III. 진화 파티클 필터링과 의존성 학습 III. Evolution particle filtering and dependency learning

이하에서는, 본 발명에 따른 의존성 학습 방법을 설명한다. Hereinafter, the dependency learning method according to the present invention will be described.

본 발명은 우점 이미지 변화 추정을 통해 주어진 스트림을 분절화(segmentation)할 수 있다. 본 발명에서 제공하는, 진화된 파티클은 연계된 구간을 요약하는 생성 모델 역할을 하며 해당 구간을 재생성할 수 있다. The present invention can segment the given stream through the estimation of the dominant image change. The evolved particles provided by the present invention serve as a generation model that summarizes the associated sections and can regenerate the sections.

본 발명은 우점 이미지를 이용하여 파티클 집합을 만들어내고, 생성된 파티클 집합을 순서 정보로 변환하기 위하여 진화 파티클 필터링 단계(알고리즘 1)와 순서 의존성 학습 단계(알고리즘 2)로 구성된 학습 방법을 제공할 수 있다.The present invention can provide a learning method comprising an evolutionary particle filtering step (algorithm 1) and an order dependency learning step (algorithm 2) to generate a particle set using a dominant image and convert the generated particle set into order information. have.

도 1은 본 발명에 따른 이미지 표현 방법의 각 단계에 대한 일 예를 도시하는 참고도로서, 전술한 바와 같이, 본 발명은 원본 이미지에서 SIFT 등을 이용하여 특성을 추출하고<그림 (a)>, 추출된 특성을 이용하여 비주얼 워드 집합을 생성할 수 있다<그림 (b)>. 이후, 무작위로 선정된 비주얼 워드를 이용하여 위치 정보를 갖춘 파티클을 생성할 수 있다<그림 (c)>. 여기에서, 파티클은 특성 및 해당 특성의 위치에 기반하여 이미지의 일정 부분을 커버하도록 할 수 있다<그림 (d)>.1 is a reference diagram showing an example of each step of the image representation method according to the present invention, as described above, the present invention extracts characteristics from the original image using SIFT and the like <Figure (a)> Using the extracted features, a visual word set can be generated (Figure (b)). After that, particles with location information can be generated using randomly selected visual words (Figure (c)). Here, the particles can be made to cover a portion of the image based on the feature and the location of the feature <Figure (d)>.

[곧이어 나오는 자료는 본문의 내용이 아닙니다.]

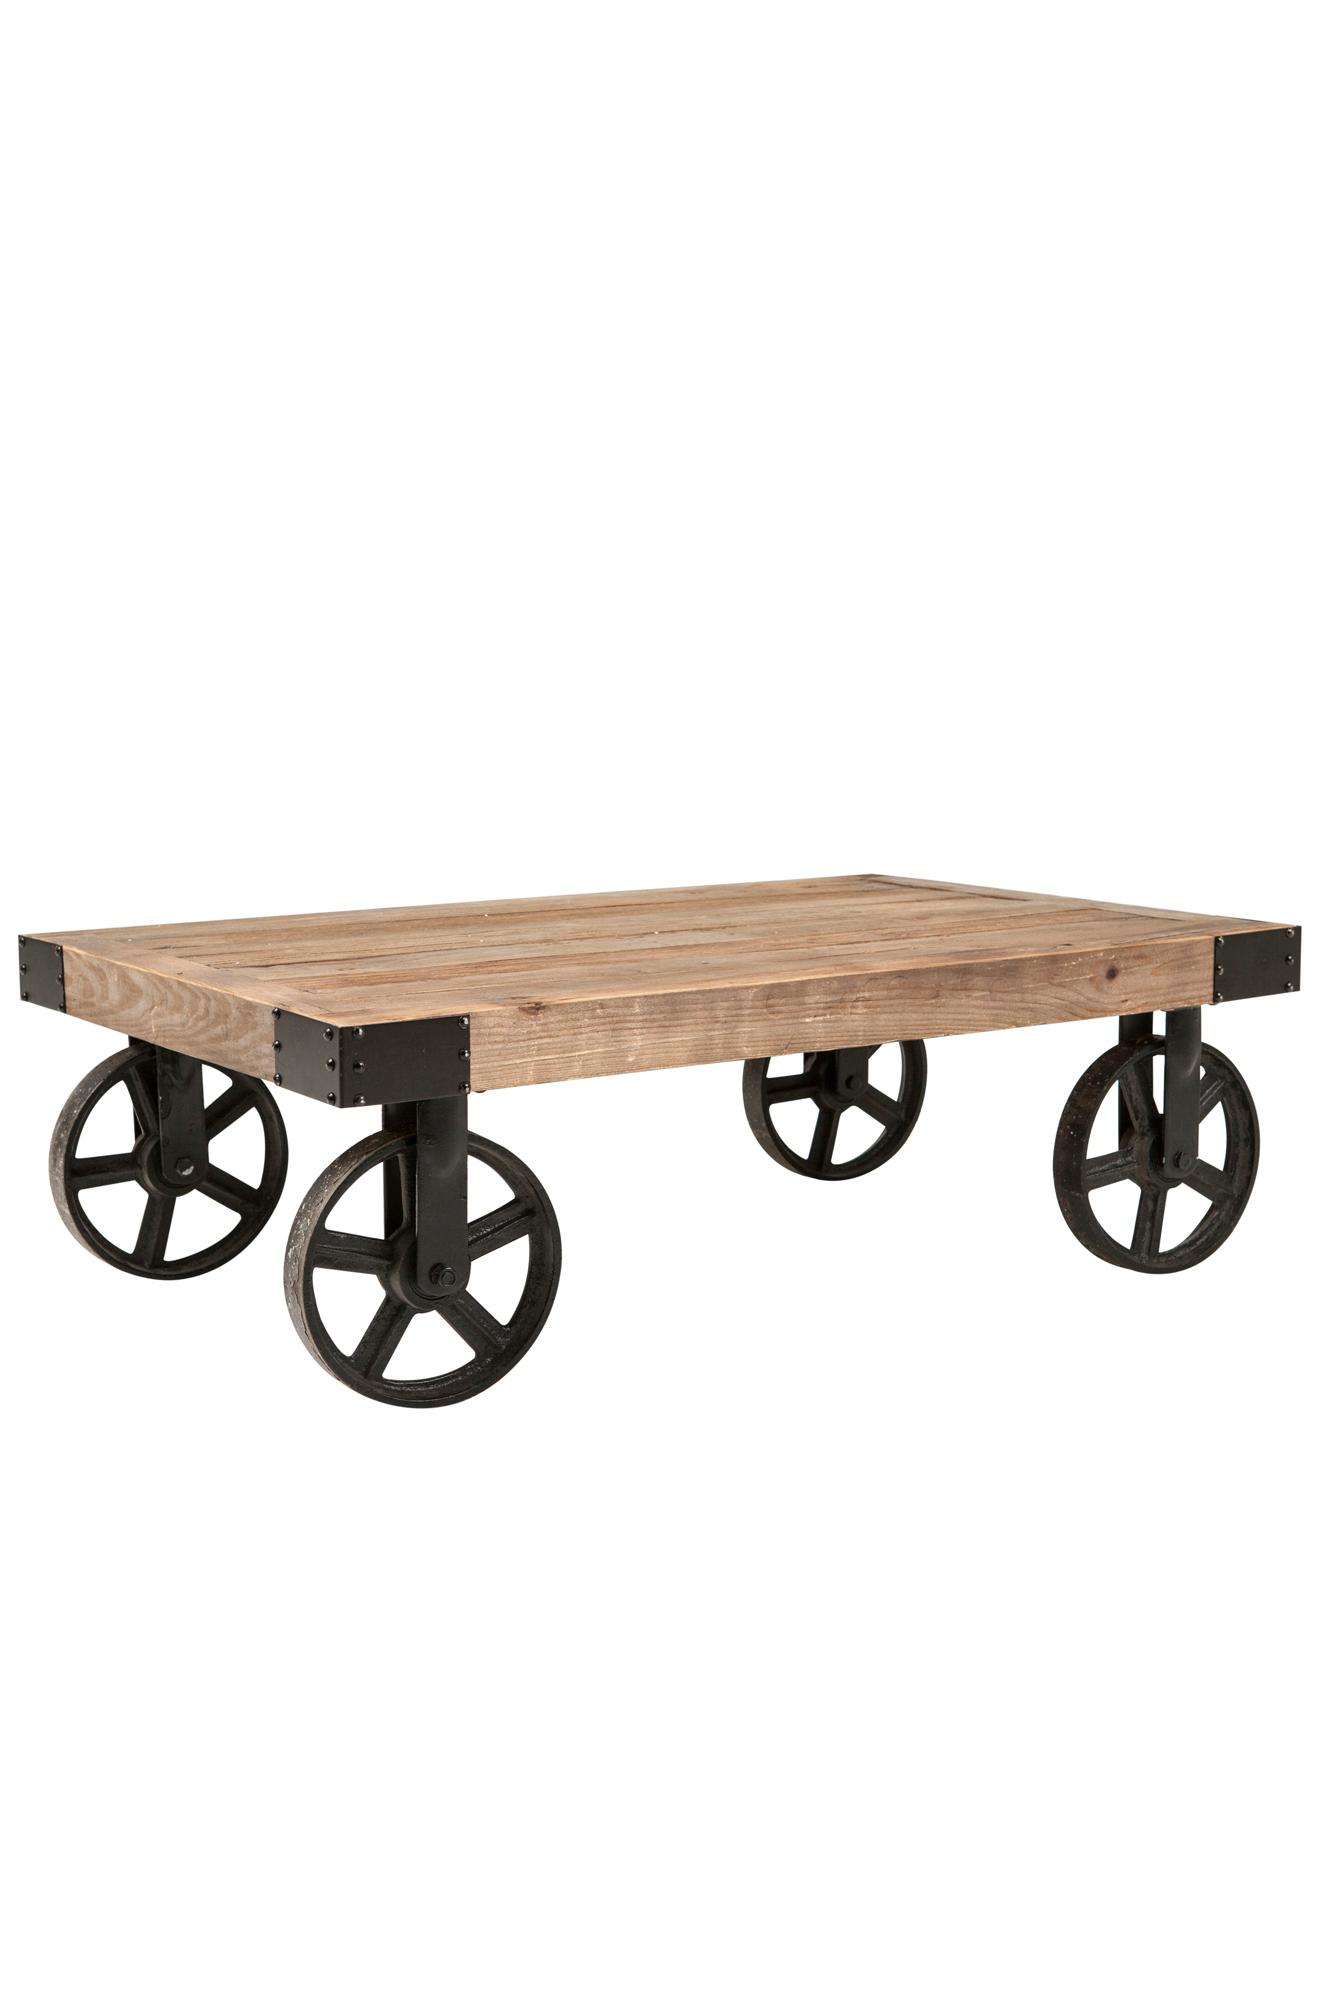 Sohvapöytä 110x72 cm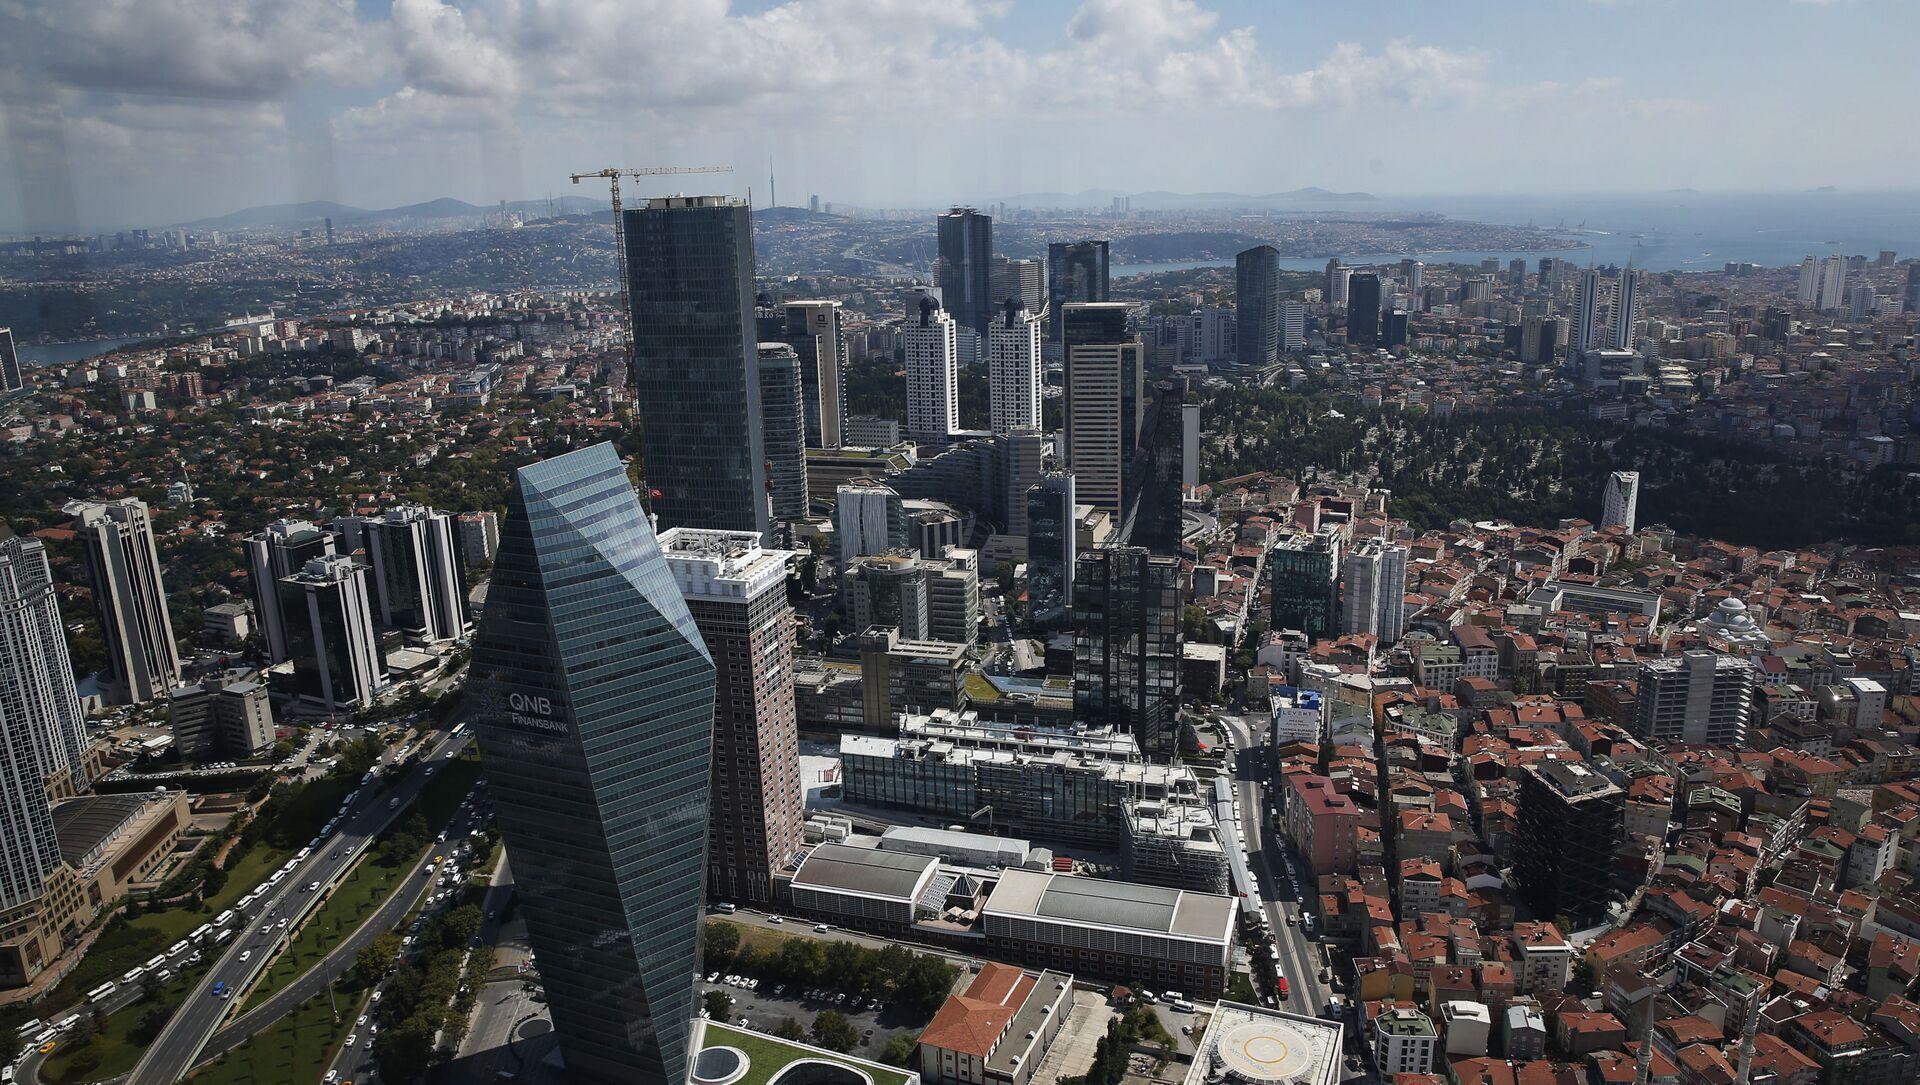 Вид на Стамбул, фото из архива - Sputnik Азербайджан, 1920, 05.02.2021

도 1은 본 발명에 따른 크로모좀 구조를 설명하고 있다. 본 발명에서는 어느 한 구간의 우점 특성을 추출하고자 하므로, 이를 협력적으로 표현하기 위하여 각 파티클은 제한 되지 않은 SIFT 특성의 집합으로 구성될 수 있다. 이를 수식으로 표현하면 [수학식 3]과 같다.1 illustrates a chromosome structure according to the present invention. In the present invention, to extract the dominant characteristic of any one section, in order to cooperatively express this, each particle may be composed of a set of unlimited SIFT characteristics. If this is expressed as an equation, Equation 3 is obtained.

도 1에 도시된 각 원은 이미지의 특정 특성을 표현할 수 있고, 사각형은 특정 이미지 특성 그룹을 대표하는 SIFT 특성에 해당한다. 진화를 통해 파티클을 걸러내면 주어진 이미지의 필수적인 특성만을 표현하는 파티클 집합(

)을 획득할 수 있다.Each circle illustrated in FIG. 1 may represent a specific characteristic of an image, and a rectangle corresponds to a SIFT characteristic representing a specific image characteristic group. When filtering particles through evolution, a set of particles expressing only the essential characteristics of a given image (

) Can be obtained.

도 2는 본 발명에 따른 진화 파티클 필터링에 대한 알고리즘을 설명하는 참고도이다. 이하에서는 도 2를 참조하여 진화 파티클 필터링에 대하여 설명한다.2 is a reference diagram illustrating an algorithm for evolutionary particle filtering according to the present invention. Hereinafter, the evolutionary particle filtering will be described with reference to FIG. 2.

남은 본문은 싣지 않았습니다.